NEW DELHI// On a day of protests against rape and sexual assault, police shot dead a journalist in the north-eastern state of Manipur and tear-gassed crowds in New Delhi.
Th. Nanao, a 36-year-old cameraman, working for a private television channel, was killed when police fired upon protesters in Imphal, the capital of Manipur. Manipur was rocked by protests after an actress known as Momoko was dragged from stage in full public view last week by an armed militant belonging to a banned rebel outfit, despite the presence of security personnel.
Momoko was allegedly attacked on December 17, a day after a 23-year-old physiotherapy student was gang-raped on a New Delhi bus by six men. She and her male friend were also severely beaten and thrown off the bus. The attack set off days of protests in the capital, and authorities struggled to control the protests all weekend. Yesterday, a police ban on gatherings of more than four people was defied by thousands who gathered near the India Gate Monument in central Delhi.
Fog added to the sullen mood of the city as police also shut down several metro stations and central roads to prevent people from reaching protest sites, giving parts of the usually bustling city a feeling of being on lockdown.
Early in the day, one group of protesters was evicted forcibly by police, who instructed them under threat of violence to get off the lawns around India Gate. Inexplicably, after a second wave of protesters was allowed entry into India GATE, police fired tear-gas to disperse them.
The crackdown came after massive protests on Saturday, when a crowd of thousands, gathered on the road leading to the official home of the Indian president, was repelled by policemen using tear-gas and water cannons.
Sonia Gandhi, the president of the Congress party, which heads the national coalition government, met protesters at her residence yesterday.
"She heard all their demands and suggestions. We appeal to protesters to maintain peace," R P N Singh, the junior home minister, said.

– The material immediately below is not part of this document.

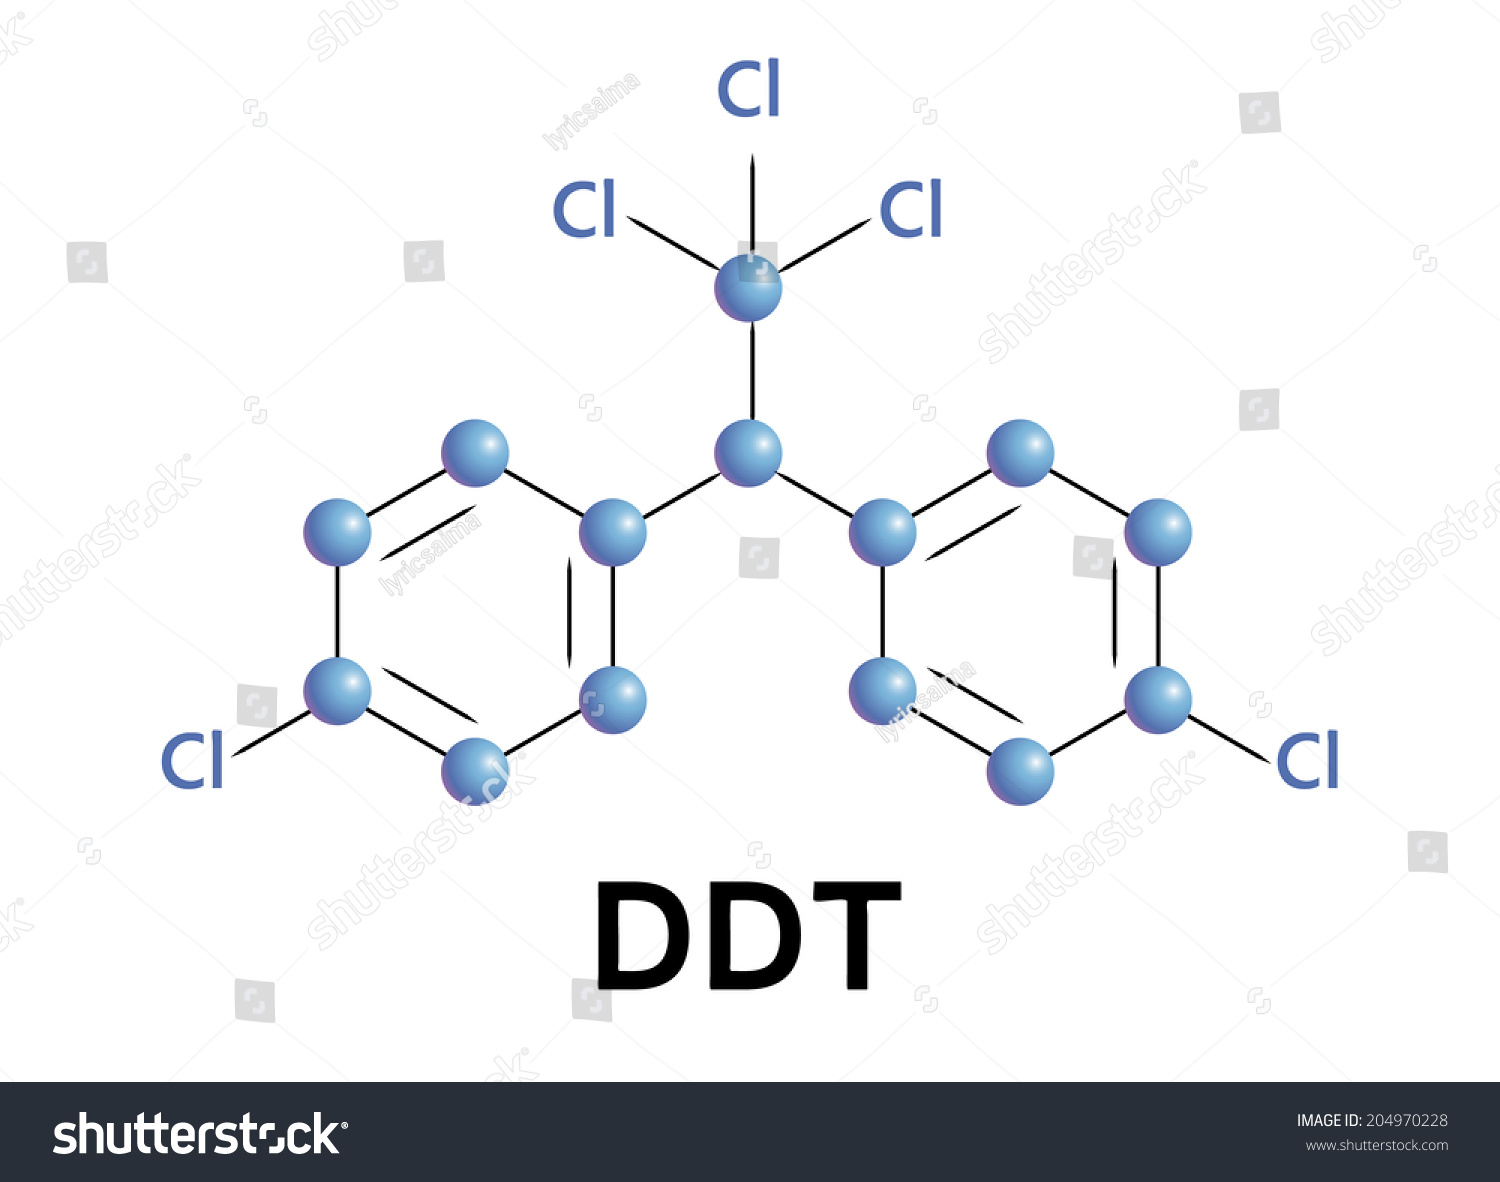 Ddt Stock Vector Images - Alamy

The senior home minister, Sushil Kumar Shinde, has promised to amend the law to ensure "enhanced and more effective punishment in the rarest of rare cases of sexual assault".
Although Mr Shinde did not specify that this would include the death penalty, his use of the phrase "rarest of rare" - which is used in India when death sentences are pronounced - suggested capital punishment.
As the protests unfolded and raged over the weekend, the victim of the December 16 gang-rape, still recovering in a hospital, submitted her statement to the police.
Along with a male friend, she said, she had watched a movie and then unknowingly boarded an off-duty bus occupied by six other men.
The men, police said, were drunk and joyriding in the bus. "All six men took turns to sexually assault me," the police quoted the victim as saying. "They threw us on the side of the road, where I then fainted."
Nilanjana S Roy, a New Delhi-based writer who attended the protests, said that the latter half of Saturday's protests "were taken over by opportunists and political parties and lumpen elements."
"But on Saturday morning, it was the most astonishing thing I've seen in Delhi: mostly young students who were confused about what they wanted to accomplish but who knew that things had to change," Ms Roy told The National.
Ms Roy remarked that yesterday's crowd was better organised than the one on Saturday.
"This protest march is being led by the All India Students Association, among other student bodies," she said, standing in the middle of a crowd of roughly 500 people who were raising slogans and moving in the direction of India Gate early yesterday. "There haven't been any obstructions by the police so far and they've been cooperative."
An hour later, the first tear-gas rounds were fired at India Gate.
Although the weekend's demonstrations were triggered by last week's rape, they have also drawn upon a wellspring of frustration over how increasingly unsafe women feel in Indian cities.
According to statistics released by the National Crime Records Bureau, the incidence of rape rose by 9.2 per cent in 2011. During the past six years, rape cases have spiked by 25 per cent. National crime records show that 228,650 of the total 256,329 violent crimes recorded last year were against women.
Delhi has shot into particularly sharp focus in the protests against sexual assault. Government figures have shown that the number of rapes in the city rose by 17 per cent to 661 this year.